她当时蹲在地上捡起婚书,坚定道:“爹,侯府聘礼丰厚,不仅能给您治病,还答应了为哥哥明年的春闱作保,试问有几家议亲时便这么诚意满满的!更何况那靖安侯,是与您一样守家卫国的大英雄,你们同样在西北受伤归来,我嫁给他、照顾她,一点也不委屈!”

她没说出口的是,药肆掌柜说再赊账就不给抓药了。哥哥科举遭受打压,明年春闱若无人作保,连考场恐怕都进不去。不借着侯府的势,他们一家早晚要被宋凌昀那厮坑死。

苏妈妈面色渐缓,向她投来赞赏的目光,似乎对她的大格局很是受用。

阿爹却摇摇头,心知她的乖女儿又开始讲歪理戴高帽了:“若真是好事,又怎会落到咱们家头上?”

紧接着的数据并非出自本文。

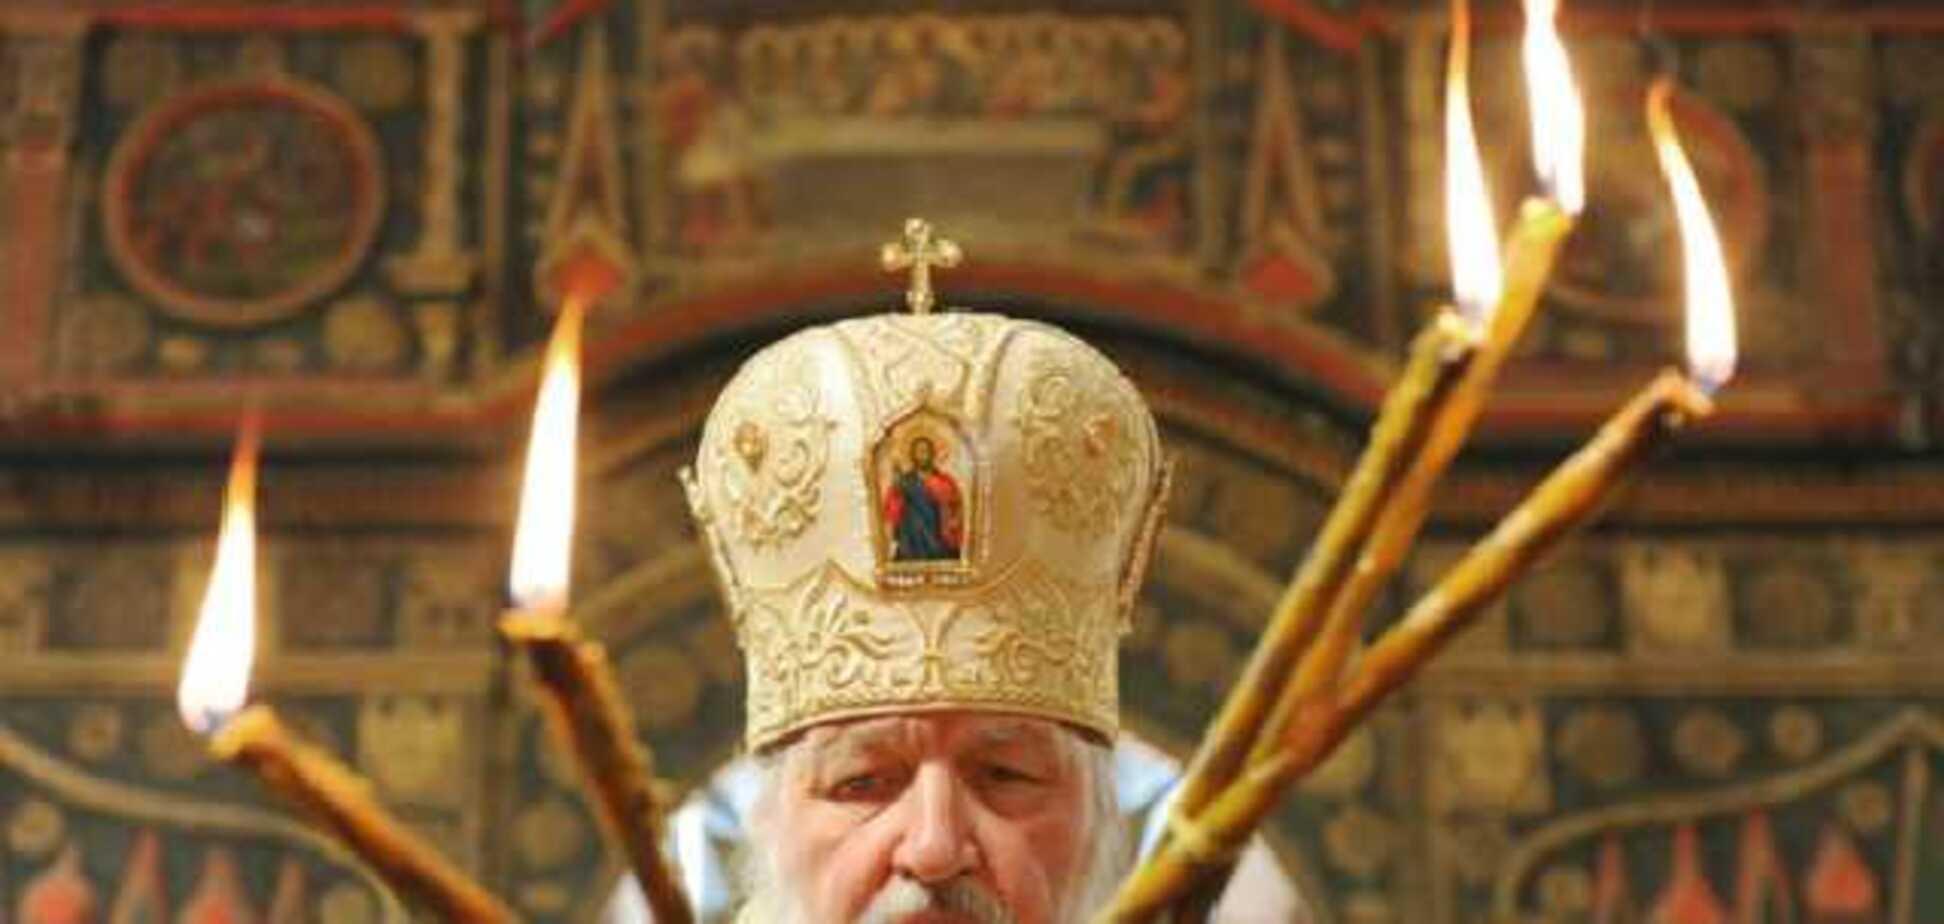 Автокефалія УПЦ: в Україні розвінчали міфи РПЦ

林知微扬着脸,眉眼勾成月牙:“当然是因为我命好呀,不然怎么会有天赐良缘呢!”

轿辇拐入天波坊,靖安侯府的朱漆大门终于出现在眼前。

高祖亲自提笔,御赐匾额。“靖安侯府”四个烫金大字虽然有些剥落,却更加彰显百年簪缨世家的底蕴。

她耳边响起下聘时,苏妈妈说的话:“姑娘是明白人。只要您应下这门亲事,侯府便是林家的倚仗,保你们在汴京城再无后顾之忧。”

清晨,靖安侯府知著院内。

沈恕平卧在榻,曾经在战场上横刀立马的宽厚肩背,如今却纤薄见骨,好似轻捏即碎。

黑影悄然落下,轻声禀报:“侯爷,林小娘子已安然上娇,另有一事……”

沈恕眼皮微掀,深邃眉眼下的剪影,扫过鼻头一侧的深褐小痣,透出破碎般的俊美。

然而,待那双眼完全睁开,慵懒迅速褪尽,幽深双瞳中冷光积聚,直射向来人。

拂尘忙垂下视线:“永宁伯府的宋凌昀,今日曾在通利坊的茶馆露过面,远远看了迎亲的仪仗。”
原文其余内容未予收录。